Short-sighted cuts to the promotion of Australian media in the region must be reversed and indeed Australia should invest in media production in the region to help the Pacific tell its stories to the world. Development aid needs to be about more than flying well-paid Australian consultants in and out to deliver advice, but must contribute to a legacy of new initiatives, infrastructure and capabilities.
Across the Pacific, nations are struggling to develop sustainably. Successful development will be the key to helping with health, governance and other challenges. Mostly non-aligned, these countries consider themselves “friends to all, enemies to none”, a far cry from recent Australian narratives about looming threats. China has offered Pacific island nations to fund and construct connectivity infrastructure, just as it has done across the developing world. This has sent Canberra hawks into a frenzy of pushback, but such projects are only Chinese-dominated because Australia vacated the field. Rather than ministers dissing Chinese infrastructure projects as “roads going nowhere”, when they are roads to people’s homes and jobs, Australia should offer to partner in financing and implementing useful infrastructure projects. In doing so, preferably through multilateral development banks, Australia could contribute expertise in transparency and governance, to match Chinese expertise in construction. If those contributions are rebuffed, then there would be good reason to criticise, but weaponizing Pacific aid projects for political advantage at home has won Australia no friends in the Pacific.

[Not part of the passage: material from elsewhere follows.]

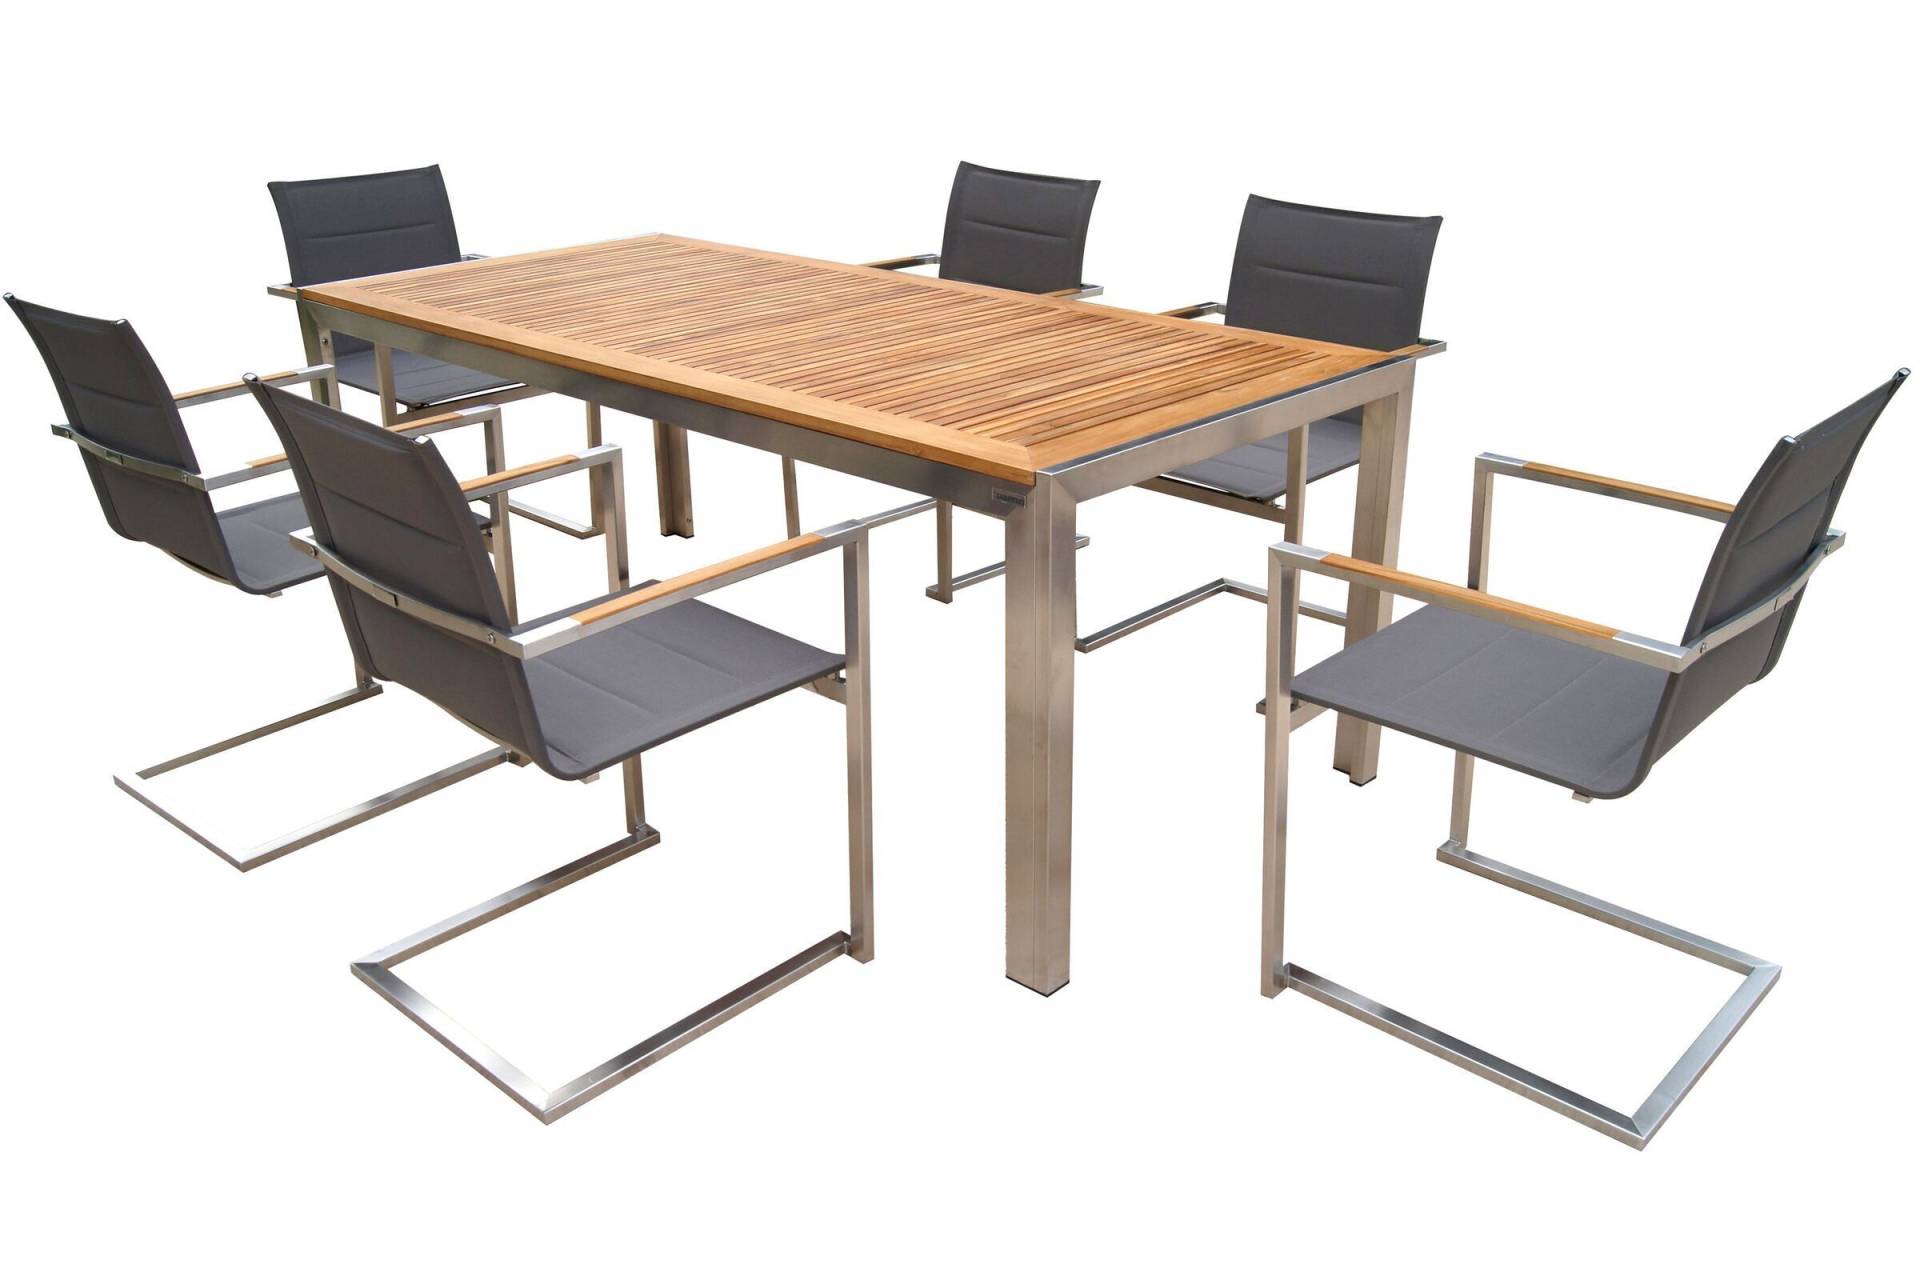 OUTFLEXX Sitzgruppe, taupe, Edelstahl/Teak, Esstisch 200 x 90 cm, 6 Stapelstühle gepolstert von OUTFLEXX

If future governments wish to play a more constructive role in the region, Australia will need to do a lot more talking with its neighbours, rather than weaponizing, politicizing and lecturing. Perhaps out of new, patient and respectful discussion between the nations of the region, the beginnings of a Grand Strategy may be found that addresses real security threats, while better mitigating other risks. While Australia will no doubt remain a central pillar of the “West”, however that collection of like-minded nations evolves in future, Australia’s home is in the Pacific and it is there that Australia must ultimately find its security, as Curtin discovered in World War Two. Far better to be engaged in collaborative partnerships with the region to build trust and cooperation than to be the odd one out.